К сожалению, вмешательство одного из его приспешников с предупреждением о покушении, готовящемся на Курда, помешало мне устранить этого ублюдка раз и навсегда. Предателя мы всё же поймали и казнили, а вот недоносок Думитру слинял. Исчез бесследно, но прихватив с собой новоиспечённого нейтрала.
Шторм. Так он его назвал. Послание мне, вырезанное на плечах того, кого я растил как собственного сына. Послание, в котором каждая буква из пяти словно издёвка, брошенная в лицо.
Я нашёл тело Сэма в Богом забытой пещере. Я ни хрена понятия не имел, зачем вообще искал его…а точнее, почему…почему бл**ь, не смог убить, понимая, что Курд не просто ещё одного нейтрала создал, а моего убийцу, если, конечно, решит уступить ему своё основное блюдо. Почему, вместо того, чтобы добить его, пока он медленно подыхал в той пещере, опустошённый и войной, и ритуалом, я поил его собственной энергией…Да, тварь оказалась права, называя меня безвольным слабаком. Но я видел в этом обессиленном, обездвиженном мальчике…своего ребенка.
«Я могу вырвать твои глаза, если позволишь, чтобы тебе не привиделись больше разные глупости…»
Шёпот твари отдавался в ушах гулким эхом, пока я насыщал его тело своей энергией.
Это был уже второй раз, когда я шёл вопреки её желаниям. Первой стала Марианна. Да, моя страшная девочка была абсолютно права: всё же я был жалким наркоманом, предпочитавшим продлевать свою зависимость, чем раз и навсегда избавиться от неё.
***
«Отец!»
Громким криком, ударившим по нервным окончаниям, и я остановился посреди комнаты как вкопанный. Сдержал рычание, чтобы не послать к чёрту, ведь я запретил ему так себя называть. Но промолчал, позволяя ему продолжить…и чувствуя, как меня затянуло в эпицентр мощного торнадо. Словно тряпичную куклу, завертело со страшной силой, безжалостно раскидав в разные стороны конечности.
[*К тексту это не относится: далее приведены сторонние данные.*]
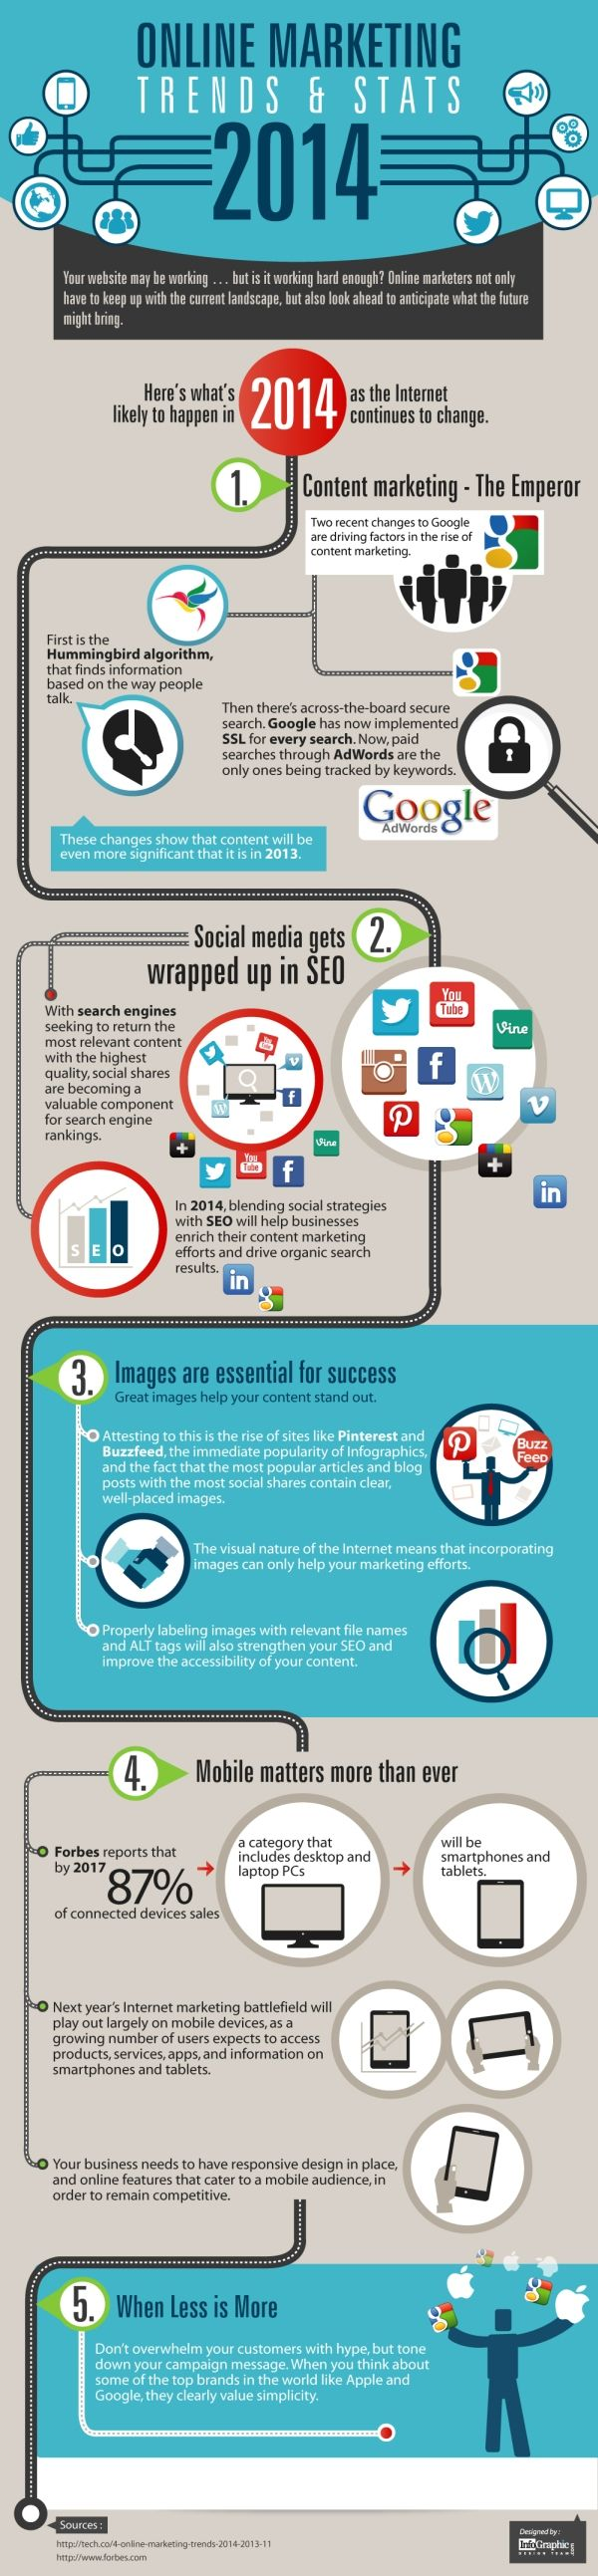 Digital-Marketing-Online-Marketing-Trends-And-Stats-2014-Infographic-Marketing-Trends Digital Marketing : Online Marketing Trends And Stats 2014   #Infographic #Marketing #Trends

Одно слово. И молчание. Потому что дальше слова были лишними. Только картинки. Только страх. Только отчаянное, почти болезненное нежелание верить в то, что я видел.
И тихое, и безнадёжное, словно заглушённое непролитыми слезами:
«Они не слышат меня…Они не слышат меня…Они не слышат меня…».
***
Влад Воронов никогда не думал, что это произойдёт вот так. Нет, он всегда представлял свою смерть в бою. В сражении. В противостоянии с достойным соперником. И он давно не молился Богу, но всегда мысленно просил того только об одном: пусть его уход произойдёт не на глазах его близких. Пусть последние воспоминания о нём будут, как о живом, о сильном, о настоящем мужчине и истинном короле.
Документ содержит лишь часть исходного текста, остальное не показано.